= Gazeta de Alagoas =

Gazeta de Alagoas is a Brazilian newspaper, published in Alagoas. It belongs to the family of Fernando Collor. This Brazilian newspaper is the leader, in sales, in the Brazilian state of Alagoas.

Its inauguration took place on February 25, 1934, at the initiative of journalist Luiz Magalhães da Silveira. At the time, Senator Arnon de Mello became a contributor to the newspaper as a correspondent in the city of Rio de Janeiro, then the federal capital. In the late 1940s, the newspaper was sold to the former Cooperativa Editora e Publicitária de Alagoas. At the time, the newspaper was practically bankrupt, with a circulation of just over 200 copies.
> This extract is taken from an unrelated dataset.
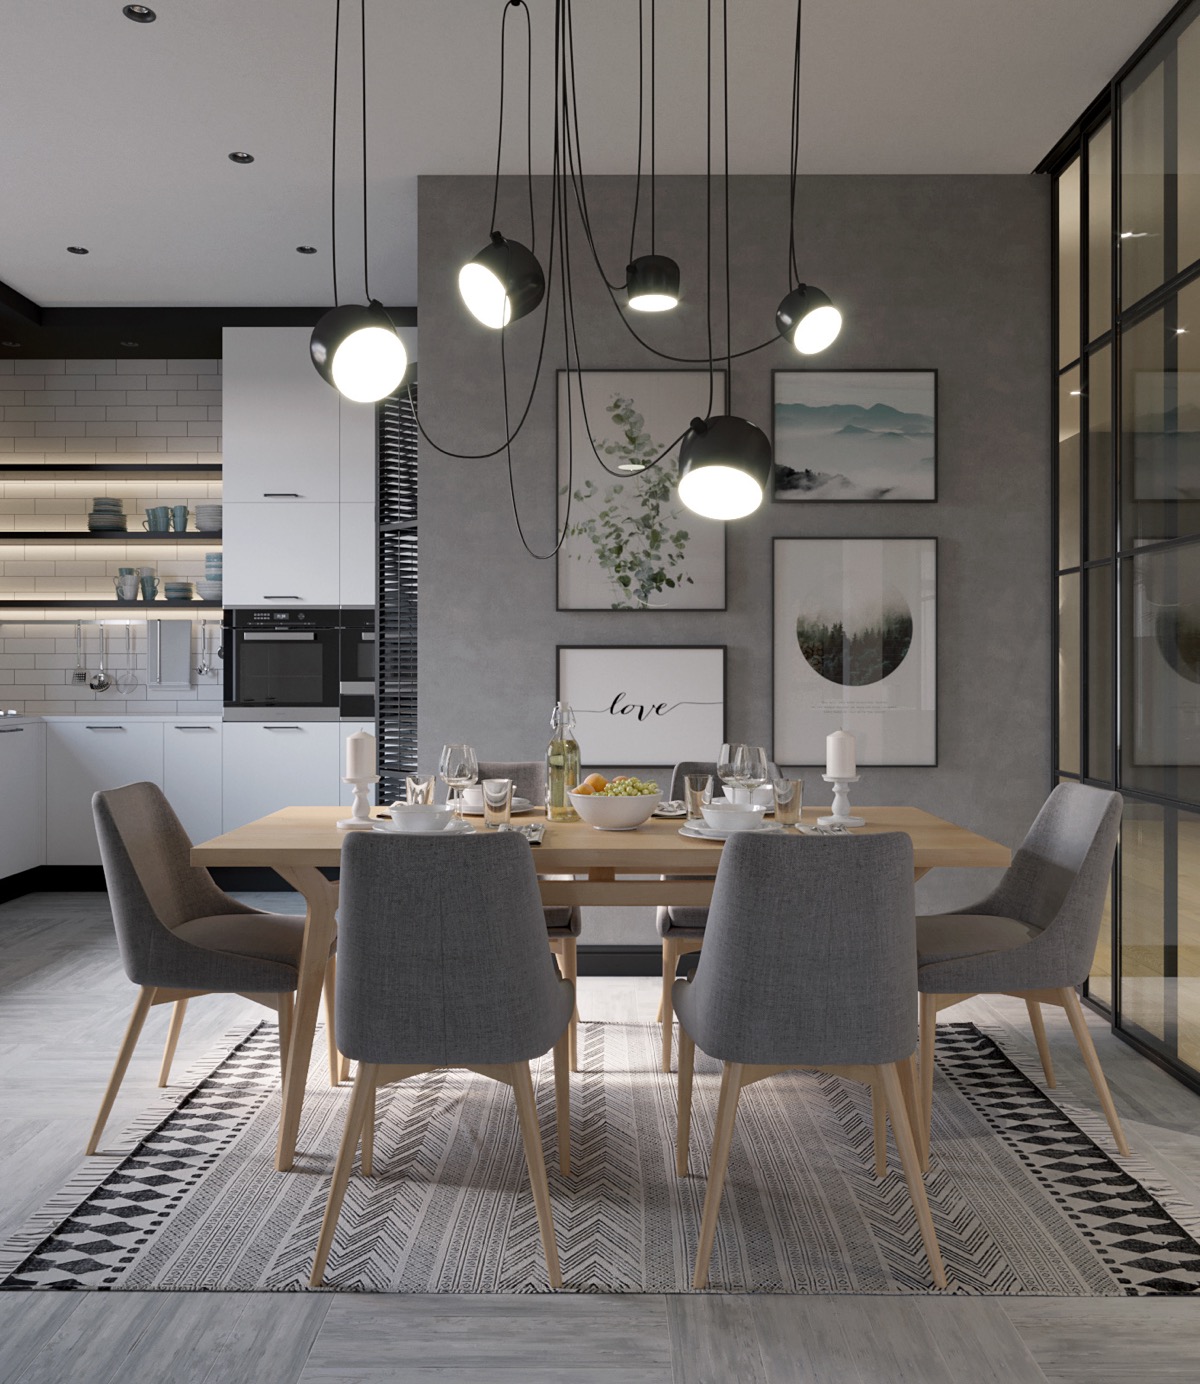 51 Grey Dining Rooms With Tips To Help You Decorate And Accessorize Yours - How To Decorate A Dining Room With Grey Walls

Its modernization occurred when it became the "embryo company" of the Organizações Arnon de Mello, when he acquired it in 1952.

Gazeta was the first newspaper in Alagoas printed with state-of-the-art technologies, marking its pioneering spirit also in initiatives such as the introduction of Telex, radiophoto and telephoto systems, offset printing, the computerization of all its departments, and the fact that it was the first newspaper in the state to be accessed via the internet.

Currently, Gazeta publishes its daily editions digitally from Monday to Friday and in print on Saturdays.